━━ DATA BLOCK

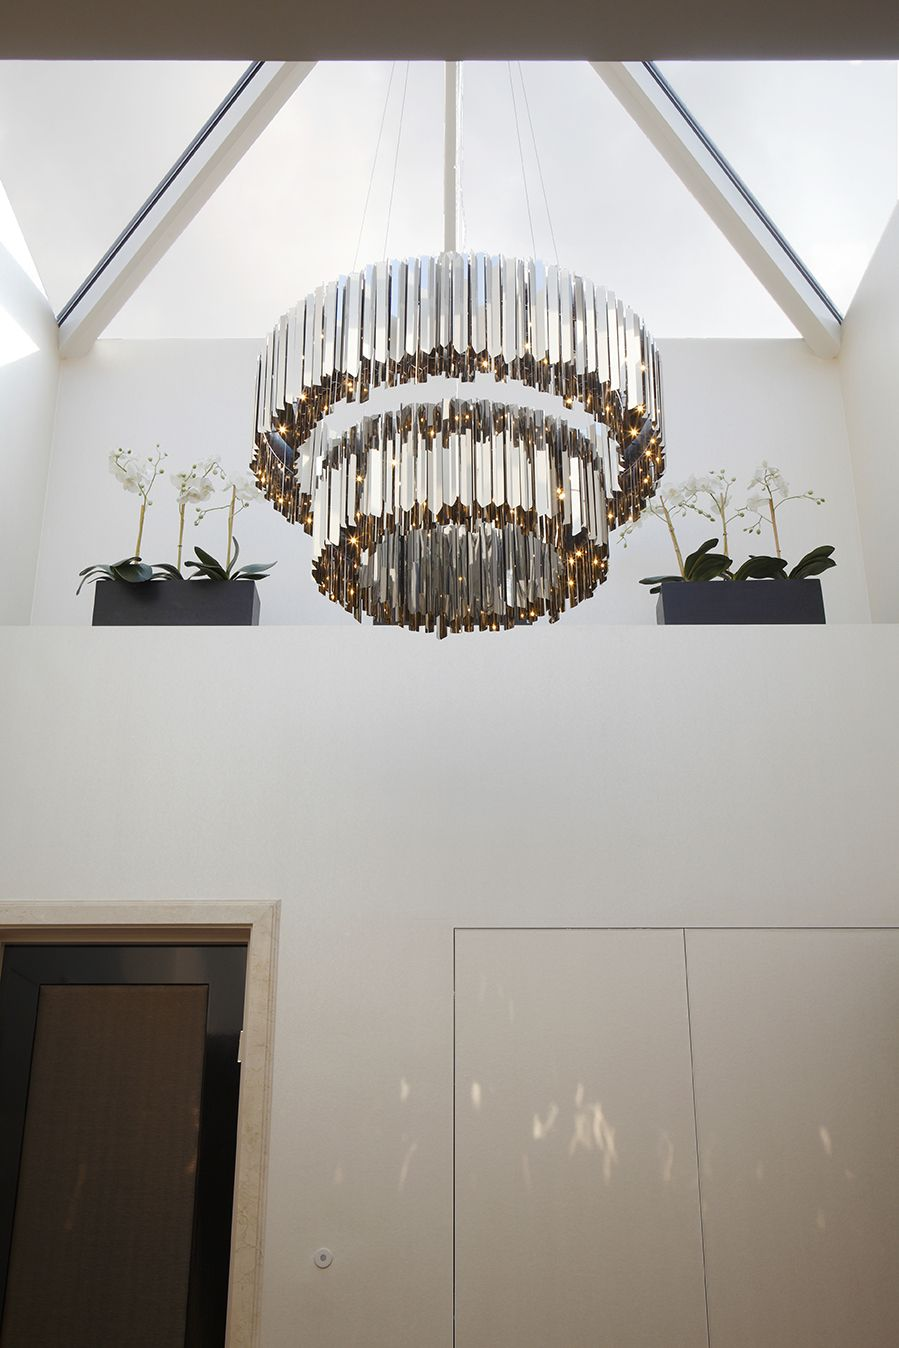 unique contemporary lighting. Tiered Facet Chandelier | Contemporary Lighting Project LIGHTING AND FIXTURE Pinterest Chandeliers, And Lights Unique L
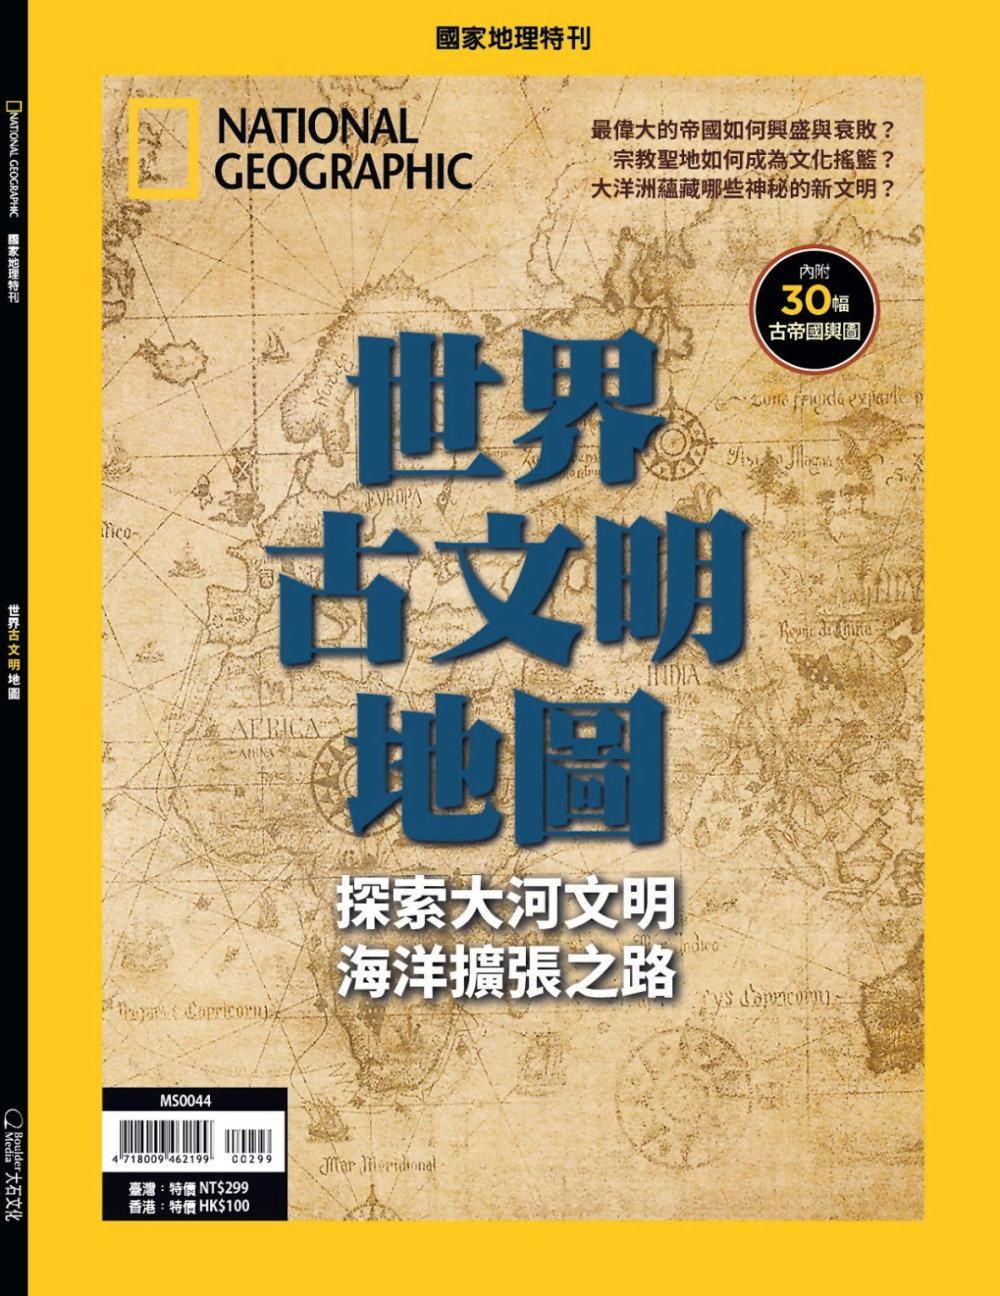 國家地理雜誌中文版 :世界古文明地圖
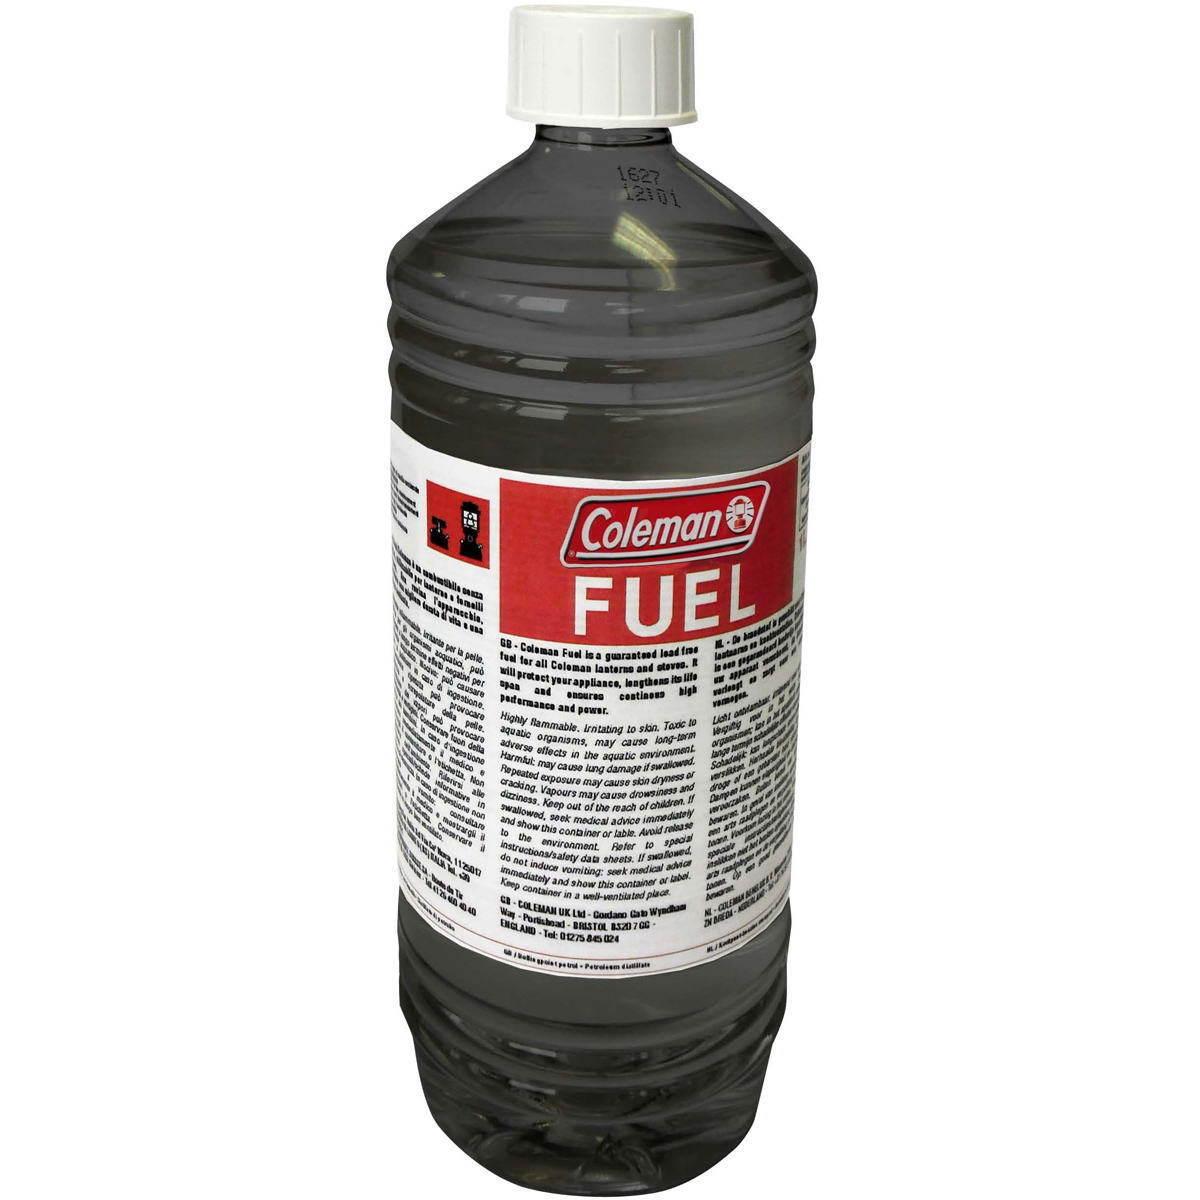 Coleman Fuel Katalytbenzin Katalytbenzin Katalytbenzin Benzin für Unleaded Kocher u Lampen GERINGER VERSAND daec9f

━━━━

Transcribe the lines above exactly, setting aside any picture among them.

 unique contemporary lighting. Tiered Facet Chandelier | Contemporary Lighting Project LIGHTING AND FIXTURE Pinterest Chandeliers, And Lights Unique L
 國家地理雜誌中文版 :世界古文明地圖
 Coleman Fuel Katalytbenzin Katalytbenzin Katalytbenzin Benzin für Unleaded Kocher u Lampen GERINGER VERSAND daec9f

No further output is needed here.